In concluding that, without Section 2241, respondent would have no judicial forum for any of his claims, the court relied on its earlier decision in Hose v. INS, 141 F.3d 932 (9th Cir. 1998) (petition for rehearing pending). In Hose, an alien ordered excluded from the United States for lack of a valid visa filed a petition for a writ of habeas corpus in district court, instead of a petition for review in the court of appeals. Id. at 933-934. The court of appeals ruled in Hose that, in Section 1252(g), Congress had withdrawn the district court's jurisdiction to hear the case-notwithstanding that Hose had attempted to invoke the court's habeas corpus jurisdiction under Section 2241-and that Hose's sole avenue for judicial review was by petition for review filed directly in the court of appeals. Id. at 935-936. The Hose panel also rejected the contention that the result in that case violated the Suspension of Habeas Corpus Clause, Art. I, § 9, Cl. 2, because, it stated, "Congress has not attempted to preclude all federal court review of orders to exclude or remove aliens. Rather it has provided a streamlined approach for consideration by the courts of appeals of claims arising from those orders and the procedures leading to them." Id. at 936.
The panel in this case stated that respondent's habeas petition "arises under polar opposite conditions" from those in Hose, because (it believed) respondent had raised colorable constitutional claims but had no judicial avenue, save habeas corpus, in which to present them: Section 309(c)(4)(G) of IIRIRA, it concluded, closes the court of appeals, and Section 1252(g) closes the district court. App. 11a. "In short, if we apply [Section 1252(g)] as construed by Hose to [respondent], he has no means of judicial review." Ibid. (footnote omitted).

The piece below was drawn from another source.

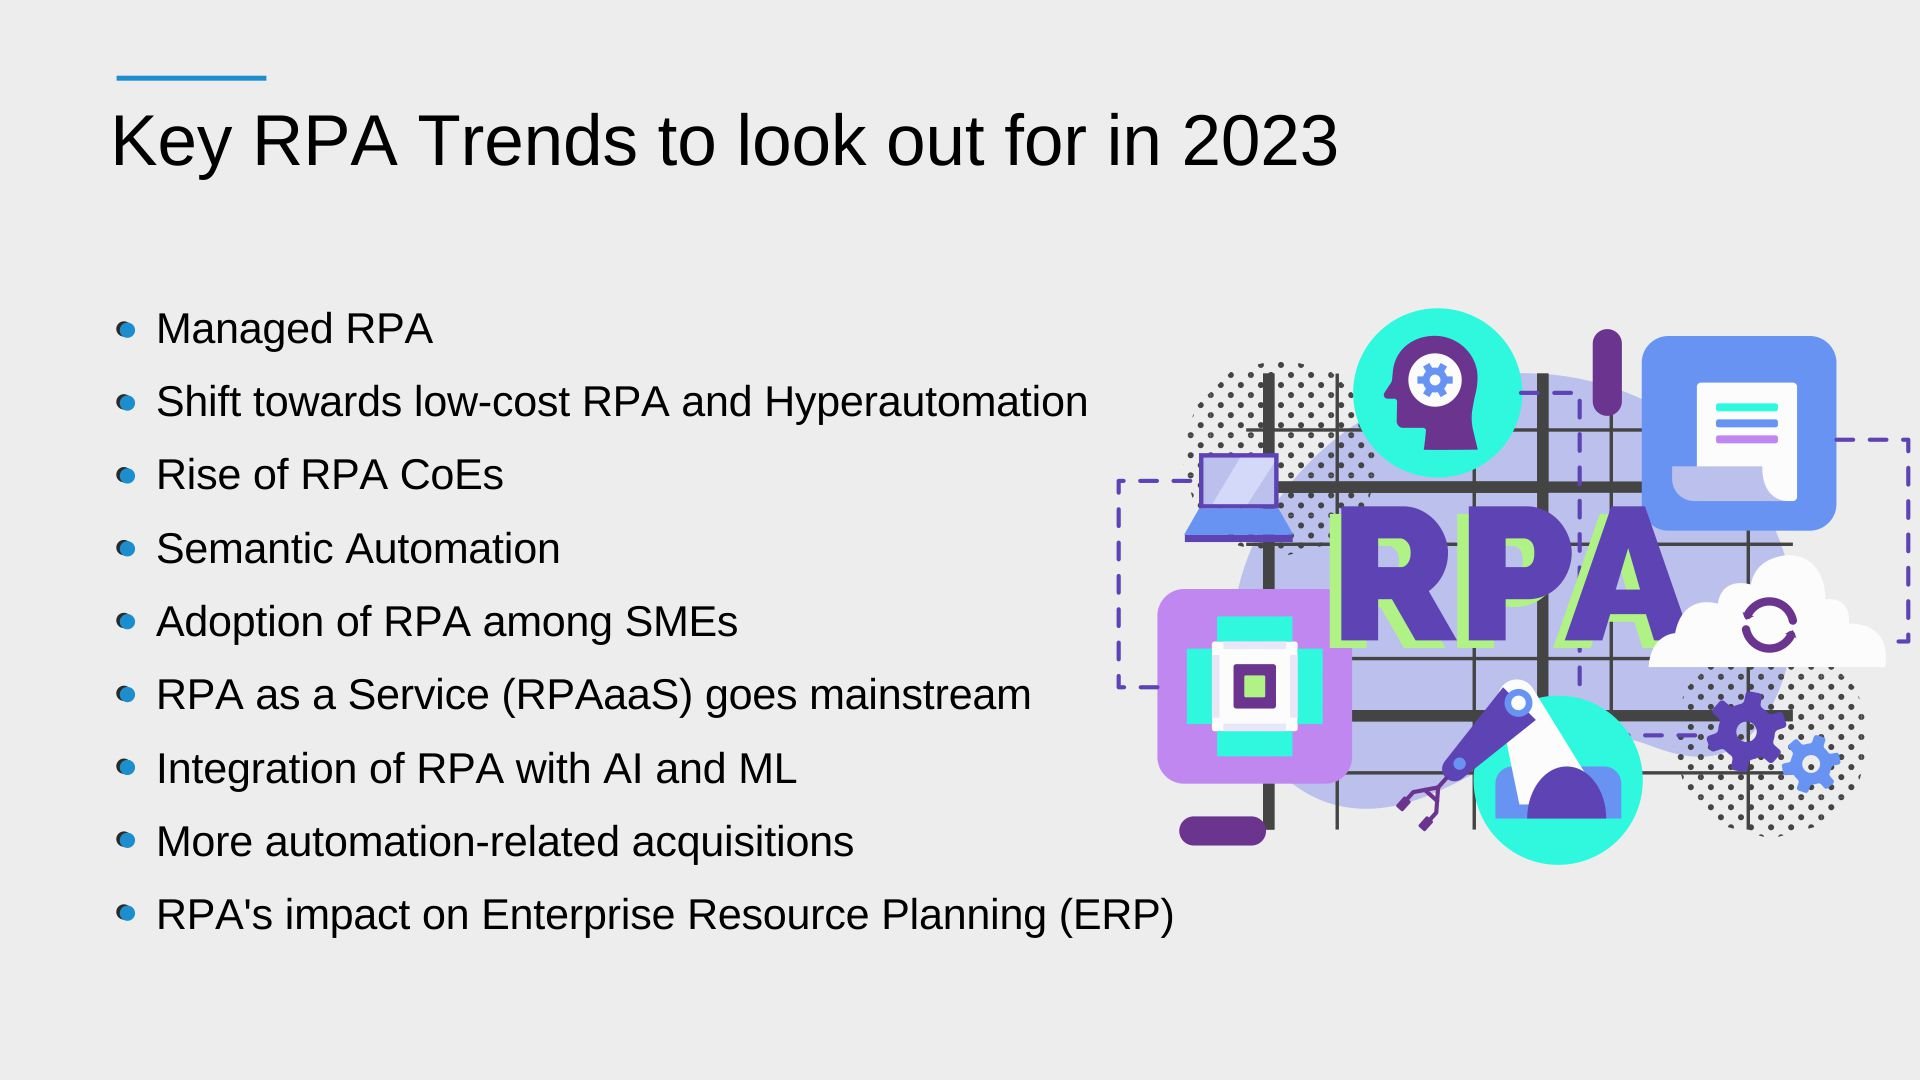 Key RPA Trends to look out for in 2023 - Inside Image

The court then considered whether that result would violate the Suspension of Habeas Corpus Clause. After reviewing the history of habeas corpus in the immigration context (App. 13a-17a),6 the court concluded that "the answer must plainly be in the affirmative" because "elimination of all judicial review of executive detention violates the Constitution." App. 19a.
Having decided that the Constitution required that at least some avenue of judicial review remain available to respondent, the court of appeals then considered what the scope of such review must be. App. 19a. It noted that this would be a "thorny problem" if Congress had repealed 28 U.S.C. 2241, because then the court would be required to define the contours of a "free standing" constitutional writ of habeas corpus. App. 20a. "Fortunately," the court stated, "we are not confronted with that circumstance," because neither AEDPA nor IIRIRA expressly referred to 28 U.S.C. 2241, and thus it reasoned "[t]he base habeas statute, 28 U.S.C. § 2241, * * * remains." App. 20a. The court of appeals recognized that under the Ninth Circuit's binding precedent in Hose, Section 1252(g) "forfended access to relief under 28 U.S.C. § 2241" in immigration cases. But the court concluded that that effect of Section 1252(g) violated the Suspension Clause in this case, and so its "impediment to the general habeas remedies of 28 U.S.C. § 2241 is removed for [respondent] and those similarly situated." App. 20a-21a. "Thus, because Congress has chosen to implement the general right of habeas relief through 28 U.S.C. § 2241," the court "conclude[d] that to the extent habeas remedies in immigration cases are protected by the Suspension Clause, relief is afforded through the statutory remedy of 28 U.S.C. § 2241." App. 21a.7
The court of appeals then held that both claims raised by respondent fell within the scope of 28 U.S.C. 2241. On that ground alone, it held that both claims could be heard by the district court in habeas corpus proceedings, without analyzing whether the Suspension Clause required that result for either claim. In the court's view, respondent "has made a colorable argument that his deportation would violate the Equal Protection and Due Process Clauses, and that his deportation is forbidden by United States statute." App. 22a. The court found these claims to be distinguishable from challenges to purely discretionary decisions, "which some courts have held [fall] outside the scope of section 2241." Ibid. (citing Ter Yang v. INS, 109 F.3d 1185, 1195 (7th Cir.), cert. denied, 118 S. Ct. 624 (1997)).8 Accordingly, the court remanded respondent's constitutional and statutory claims to the district court for further proceedings on the merits. App. 24a.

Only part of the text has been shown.